After a bit of experimentation, I selected 0.577 as my threshold. Let’s see the result:
In [8]: # this will return each pair as a tuple of index from both datasets
...: pairs = matcher.get_index_pairs_within_thresholds(0.577)
...:
In [9]: # we can construct a dataframe out of it with similar column names
...: # to this dataset's perfect mapping CSV.

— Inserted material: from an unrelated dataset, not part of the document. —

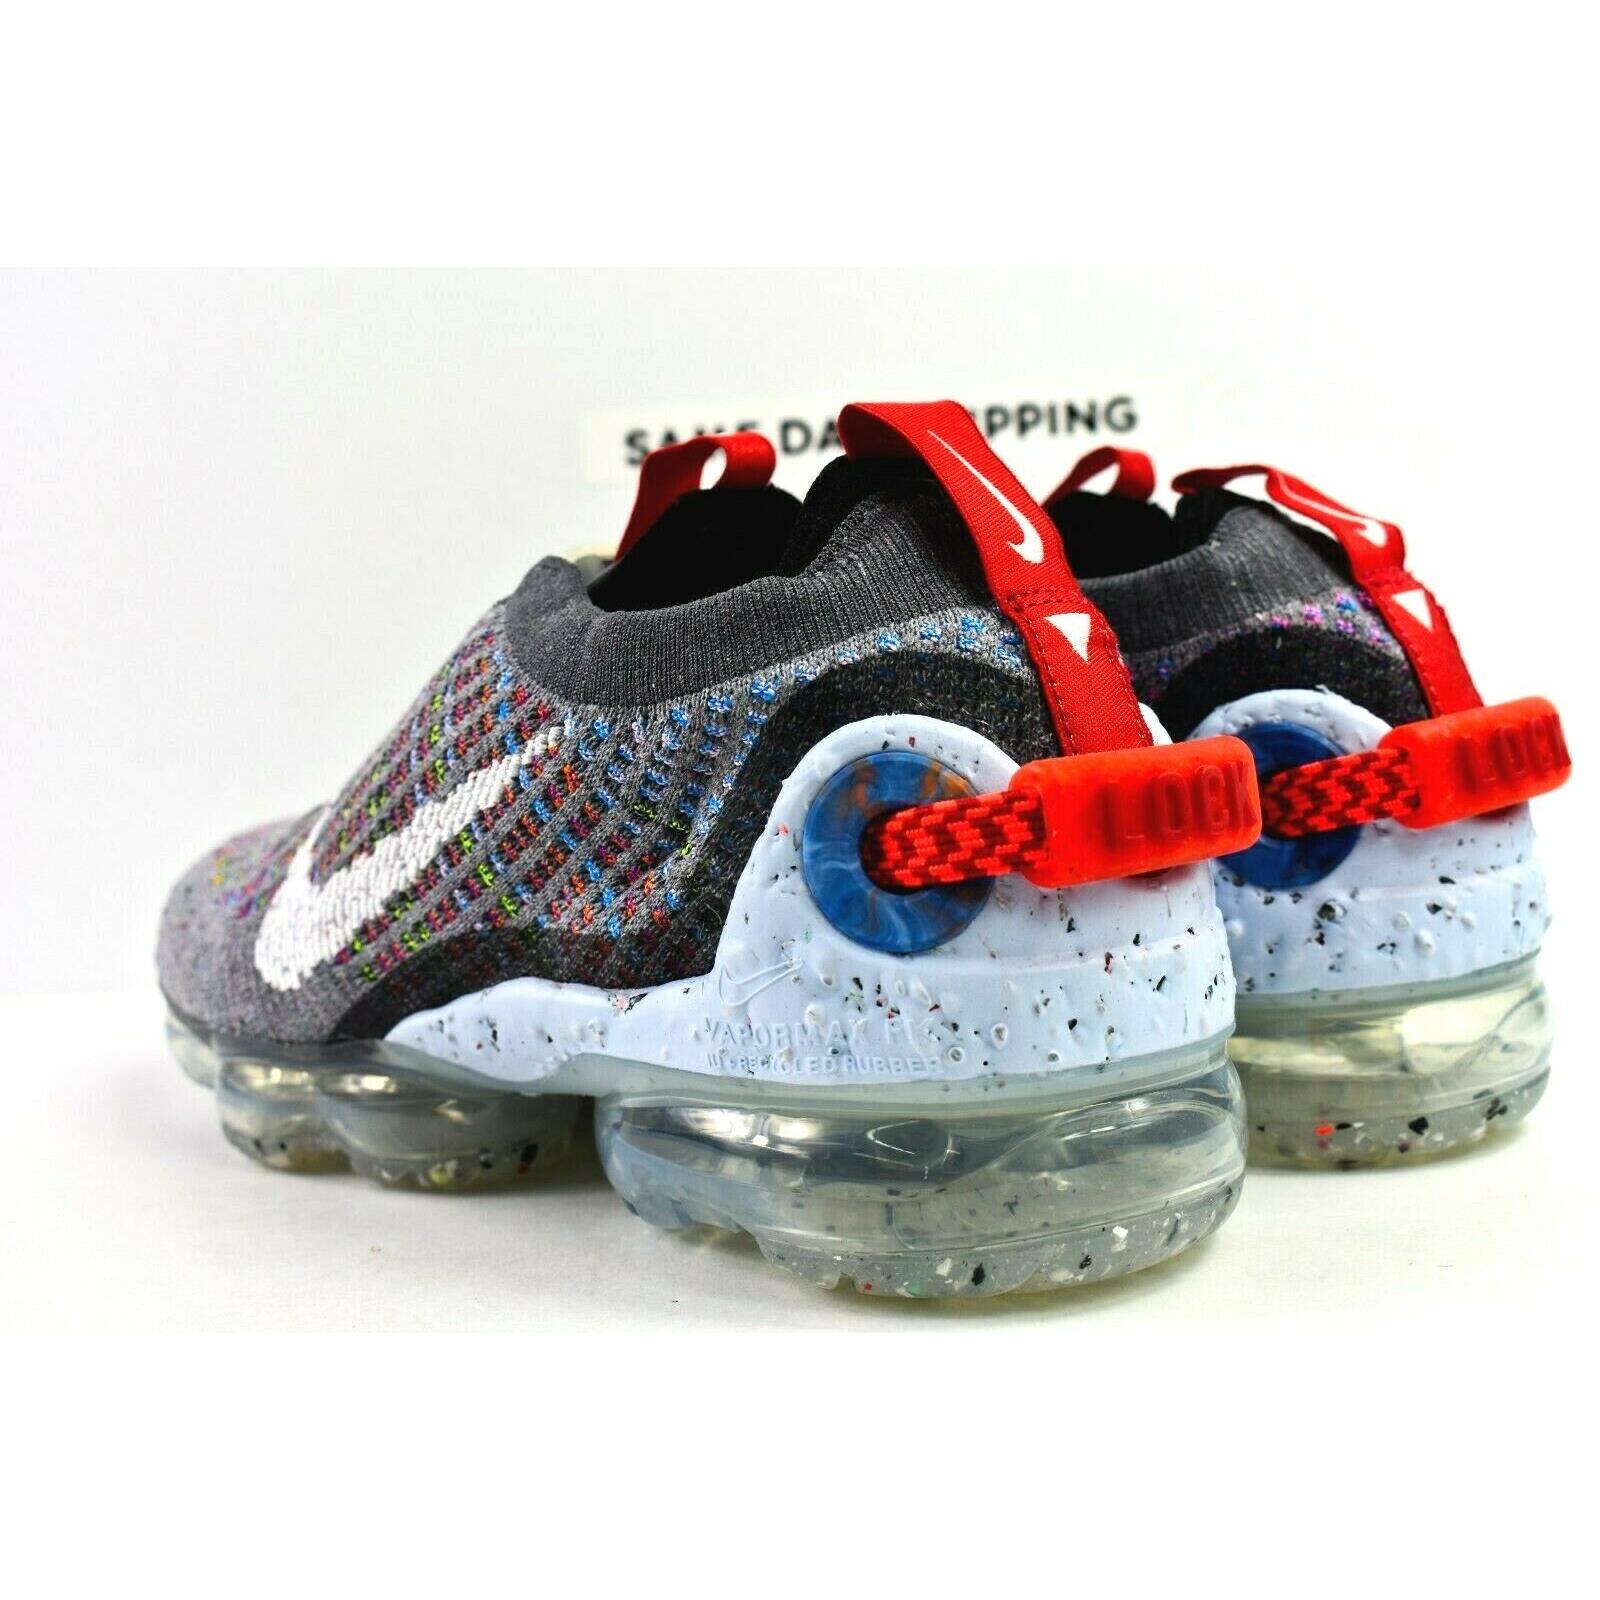 Nike shoes Air Vapormax - Multicolor 2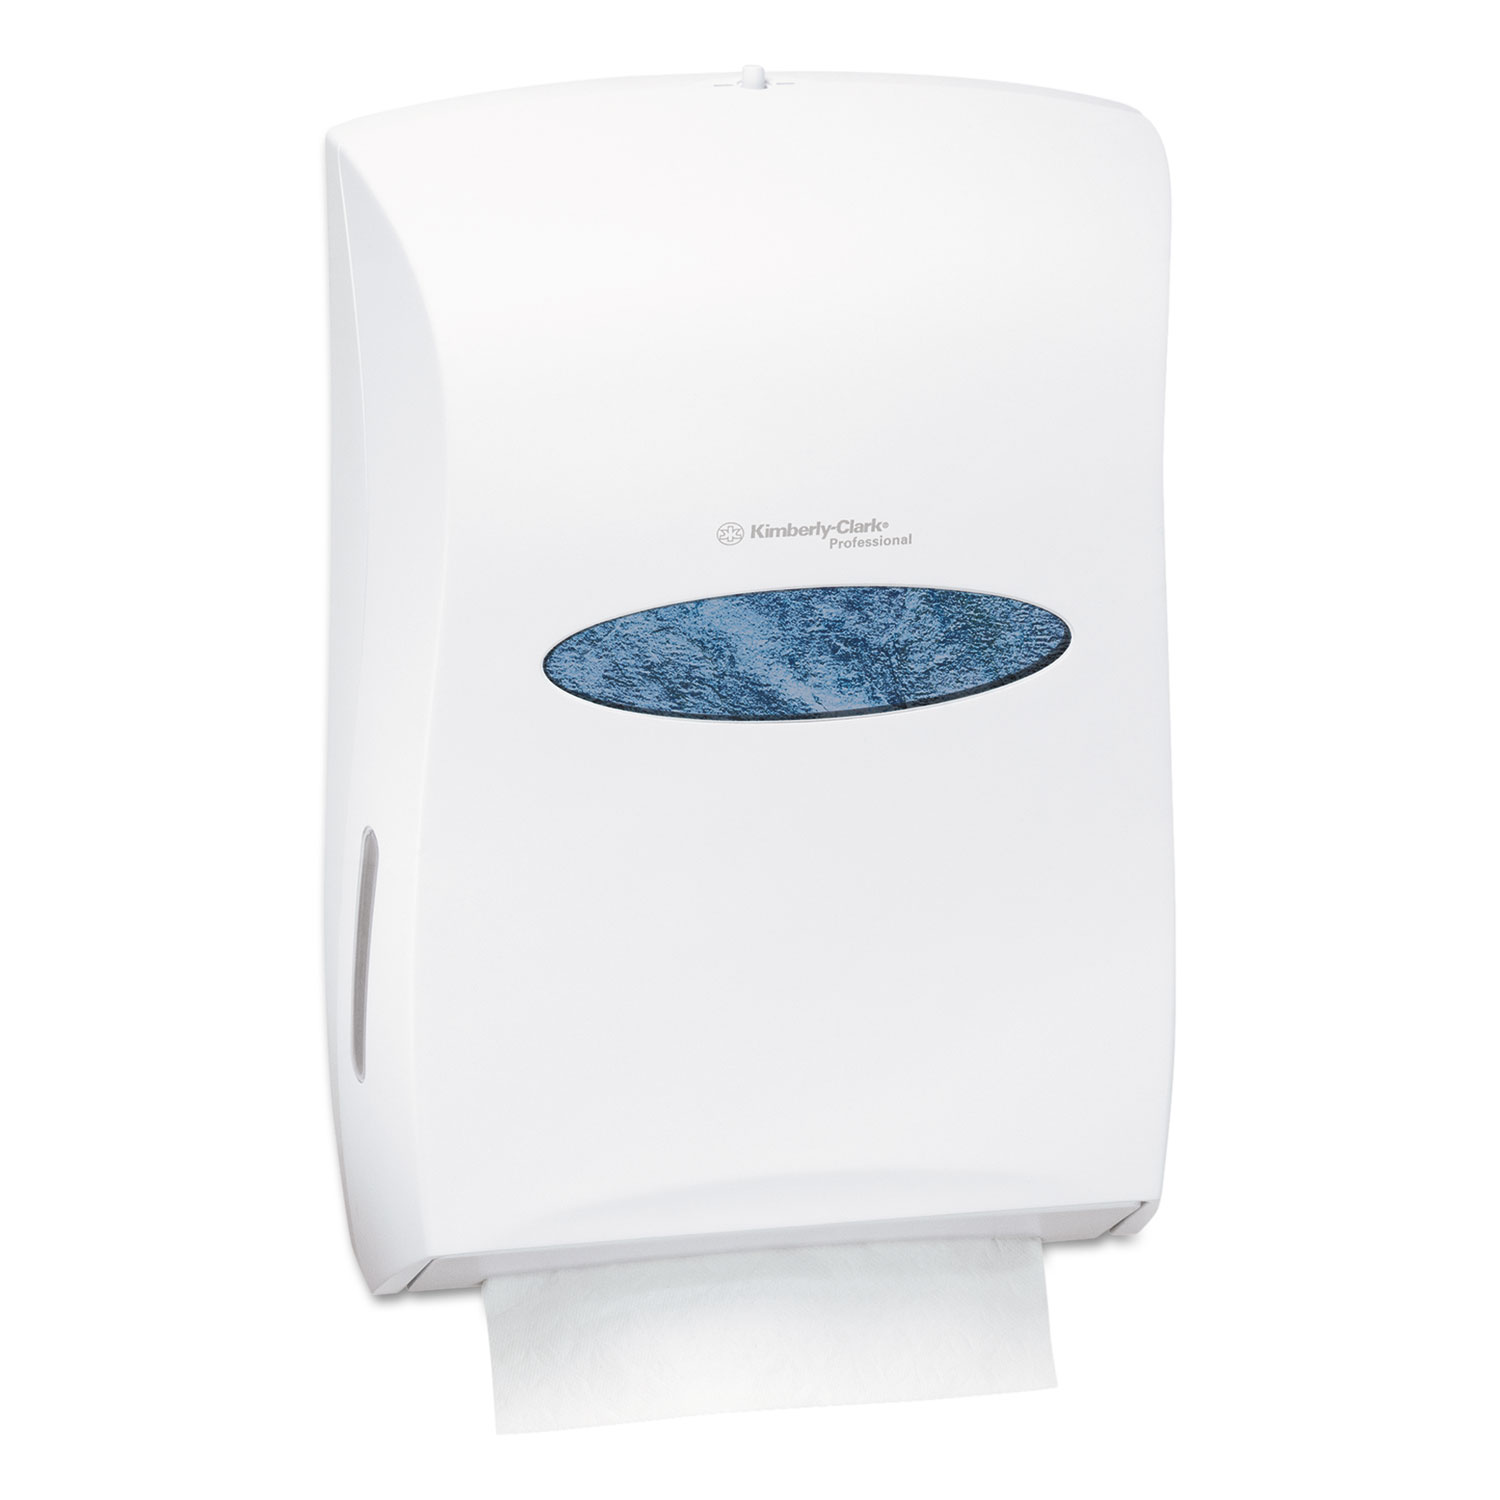  Kimberly-Clark Professional* KCC 09906 Universal Towel Dispenser, 13 31/100w x 5 17/20d x 18 17/20h, White (KCC09906)

...: res = pd.DataFrame(pairs, columns=['idACM', 'idDBLP'])\
...: .set_index(['idACM', 'idDBLP'], drop=False)
...:
In [10]: # load the perfect mapping
....: pm = pd.read_csv('DBLP-ACM/DBLP-ACM_perfectMapping.csv')\
....: .set_index(['idACM', 'idDBLP'], drop=False)
....:
In [11]: total = len(dfa) * len(dfb)
....: total
....:
Out[11]: 6001104
In [12]: sensitivity = len(pm[pm.index.isin(res.index)]) / len(pm)
....: sensitivity
....:
Out[12]: 0.9932553956834532
In [13]: specificity = 1 - len(res[~res.index.isin(pm.index)]) / (total - len(pm))
....: specificity
....:
Out[13]: 0.9999978329288134
The sensitivity and specificity are not perfect, but they’re still great considering how simple this matching script is.
- 1
DBLP-ACM dataset by the database group of Prof. Erhard Rahm under the CC BY 4.0
- 2
Peter Christen. “6.2 Threshold-Based Classification” In Data Matching: Concepts and Techniques for Record Linkage, Entity Resolution, and Duplicate Detection, 131-133. Springer, 2012.
- 3
Peter Christen. “4.1 Why Indexing?” In Data Matching: Concepts and Techniques for Record Linkage, Entity Resolution, and Duplicate Detection, 1. Springer, 2012.